_What to do:_ Skip all pictures. Set down only the lines starting at the line containing "A dark room" and running to the end of the listing.

_Information shown:_
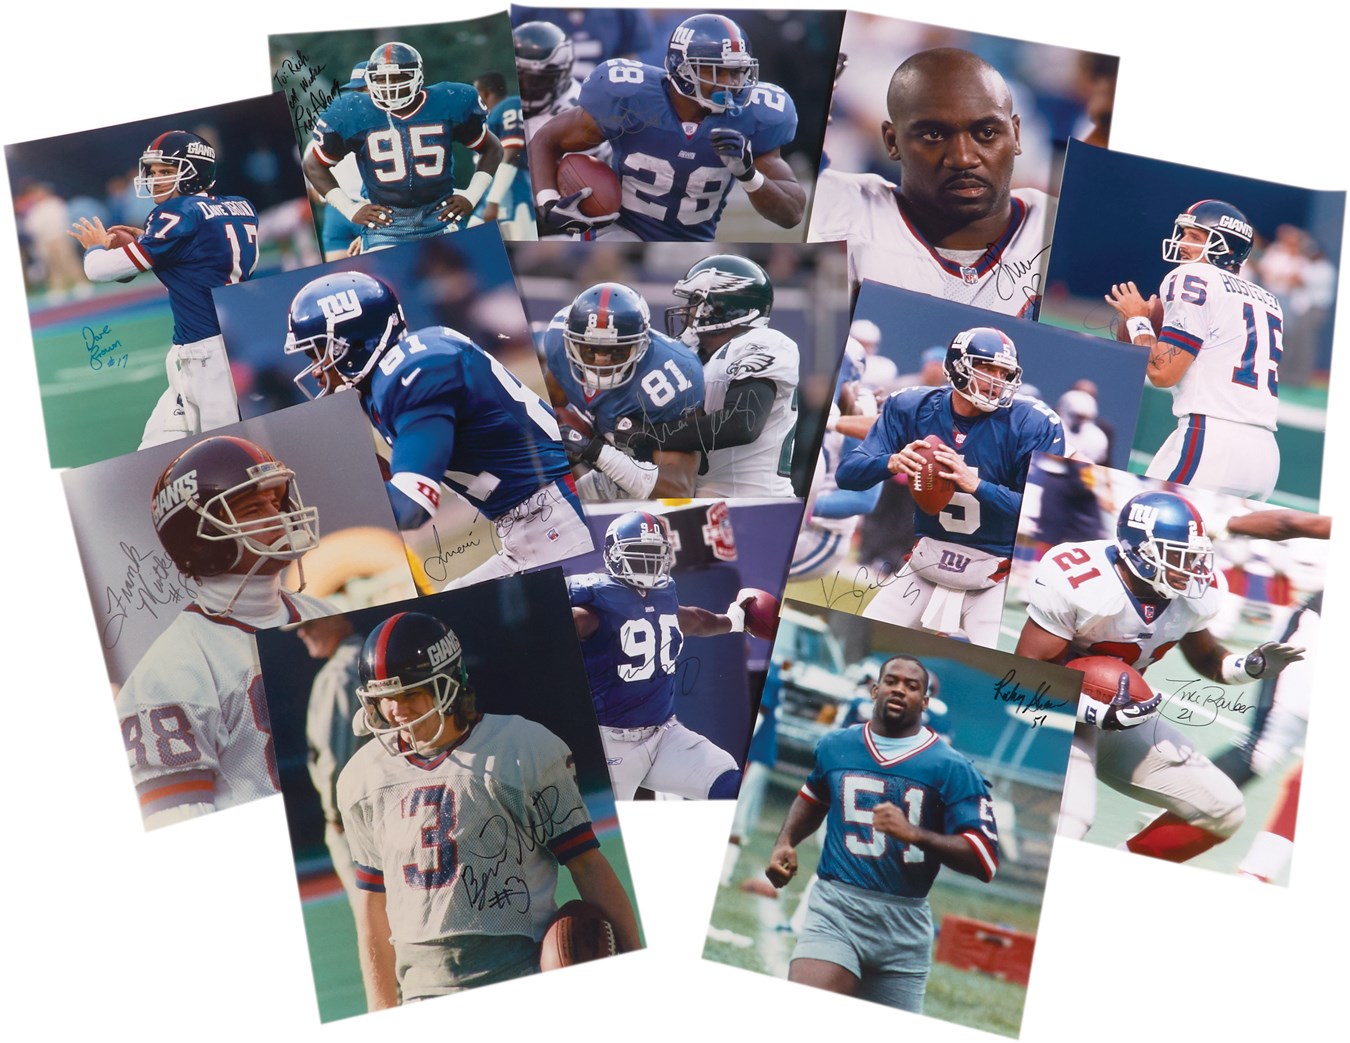 1980s-90s Super Bowl Champion & NY Giants 16x20” In Person Signed Photographs from VIP Photographer Richard Brightly (32)
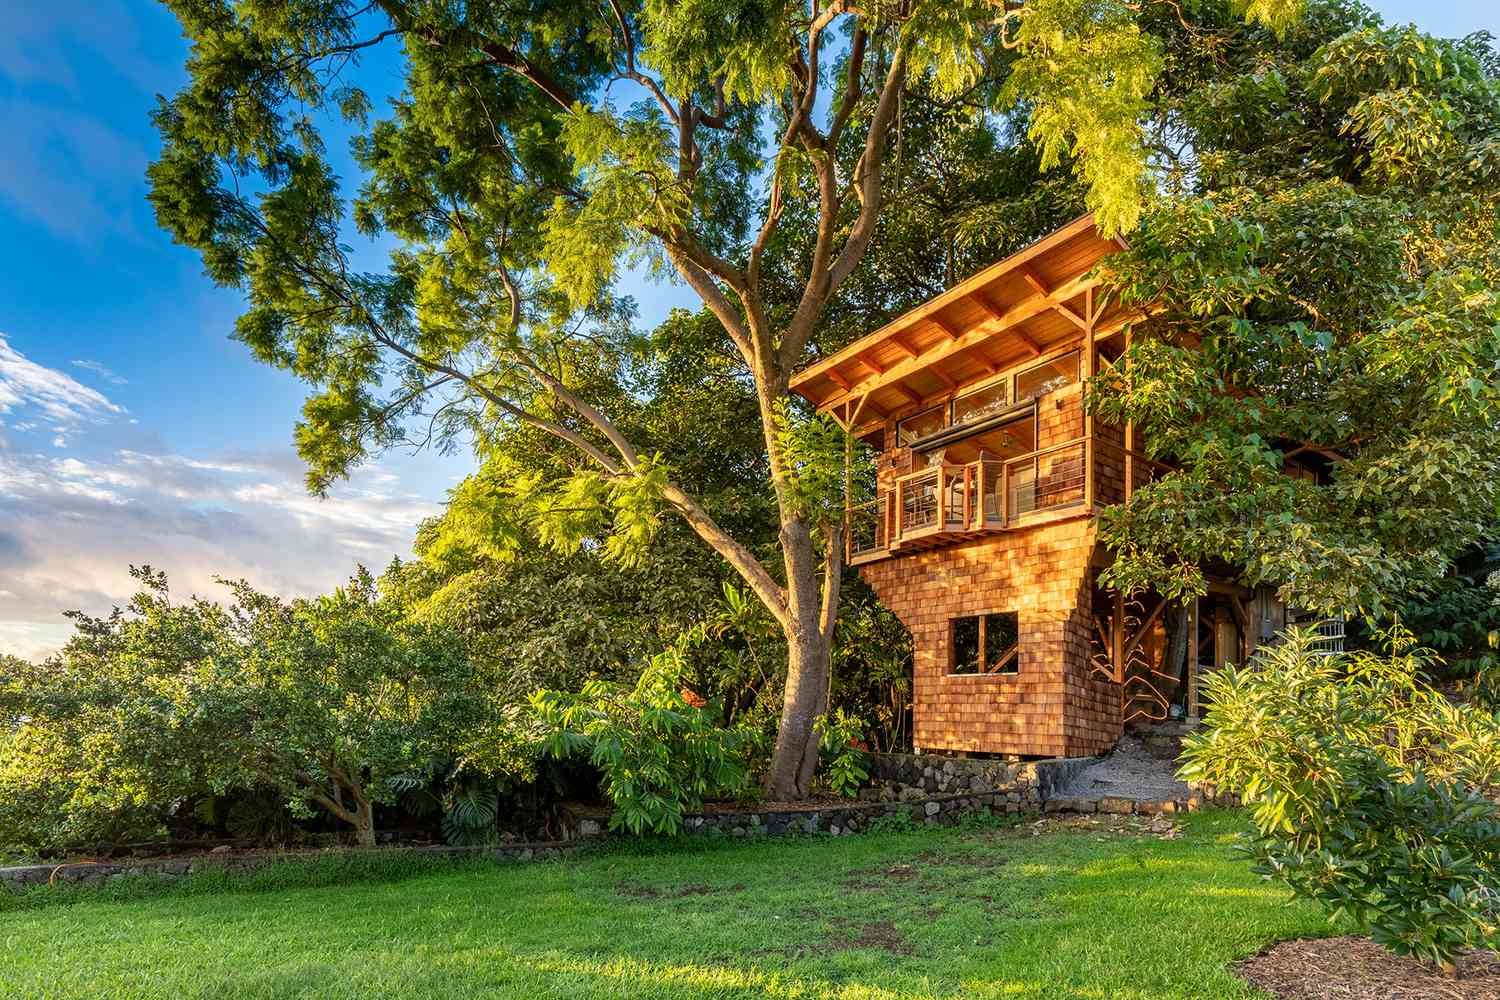 24 Magical Tree House Airbnbs You Can Stay in Around the World
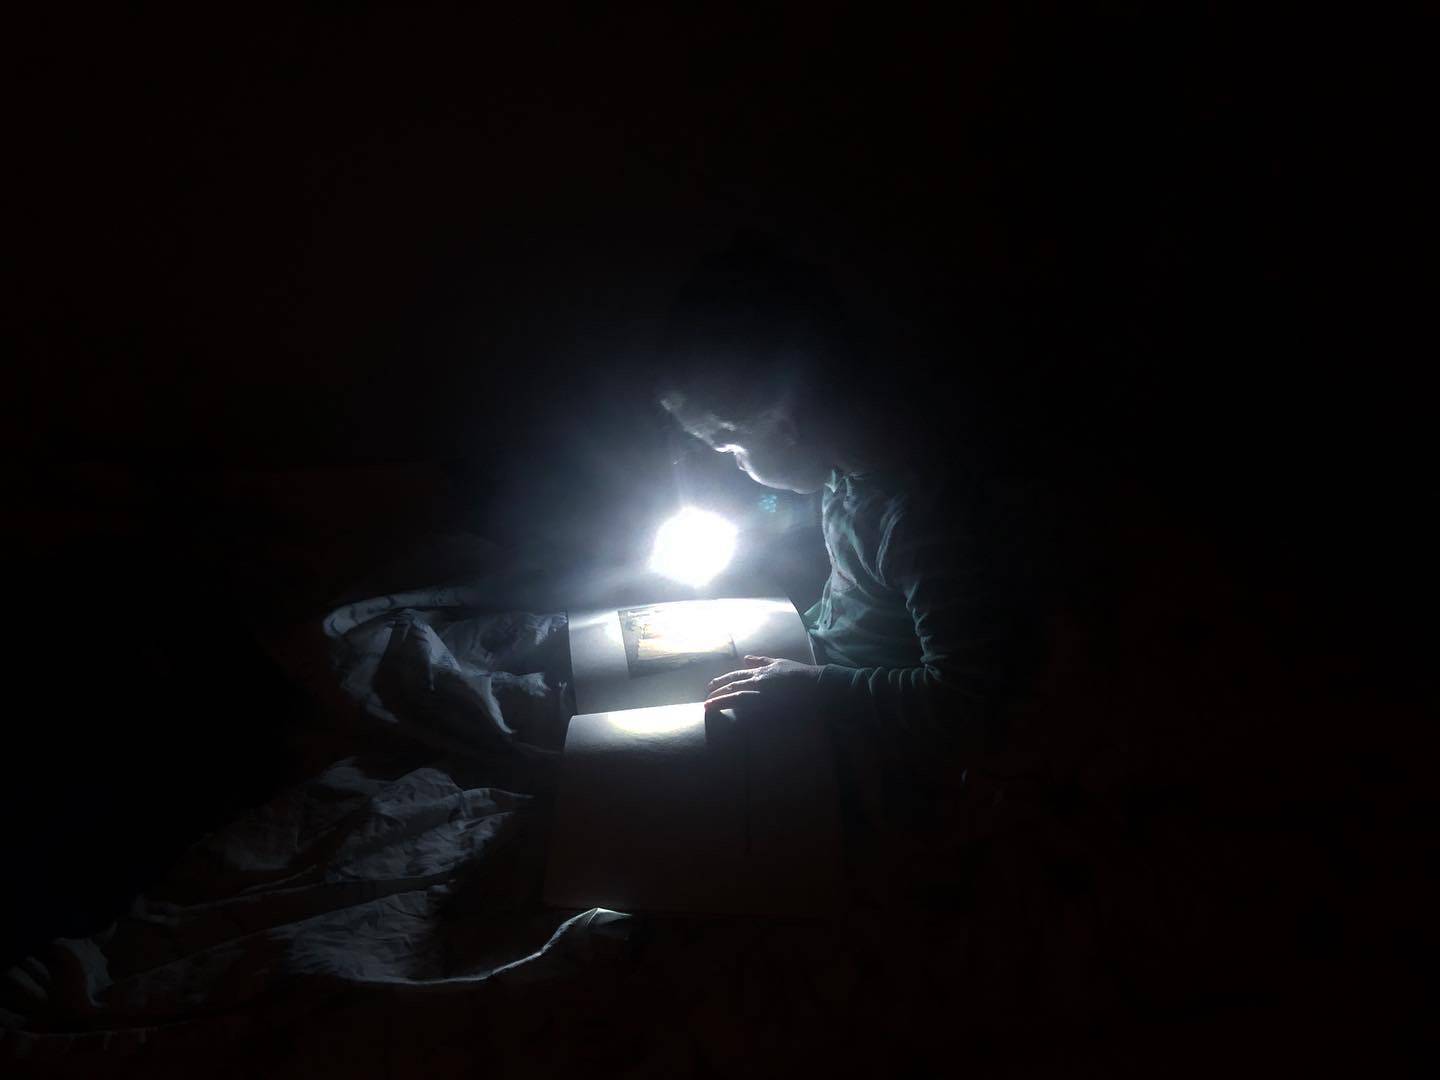 A dark room with a child seated in bed. The child is reading a book by the light of a flashlight. Photo by Alyssa Buckley.
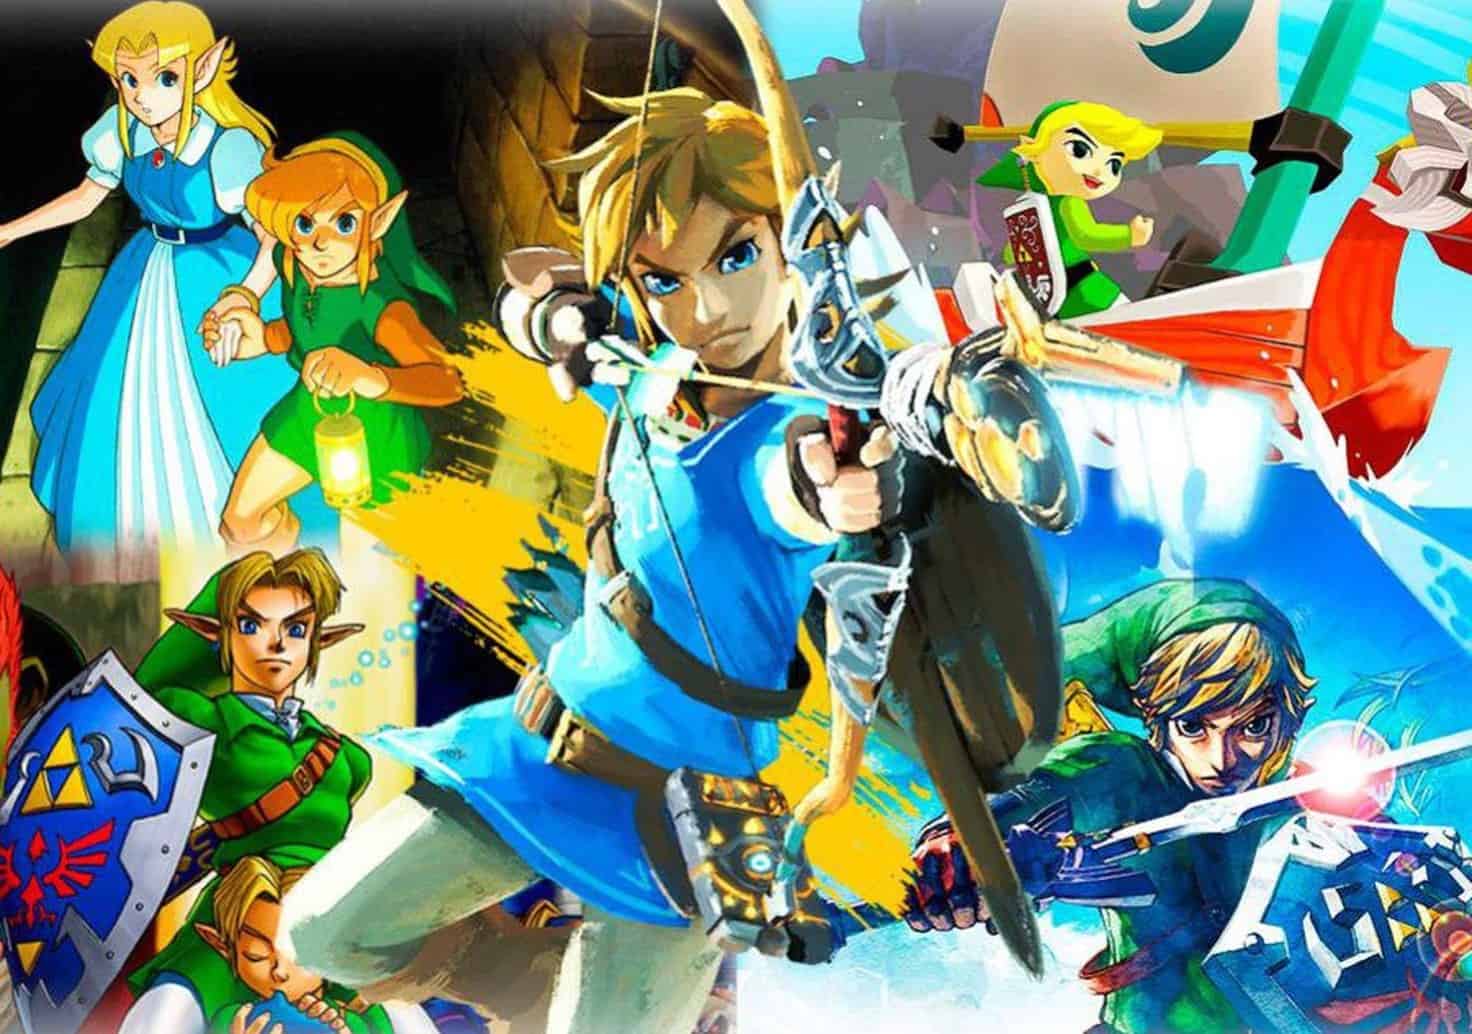  The Legend of Zelda: A Link to the Past (Renewed

_Task solution:_
 A dark room with a child seated in bed. The child is reading a book by the light of a flashlight. Photo by Alyssa Buckley.
  The Legend of Zelda: A Link to the Past (Renewed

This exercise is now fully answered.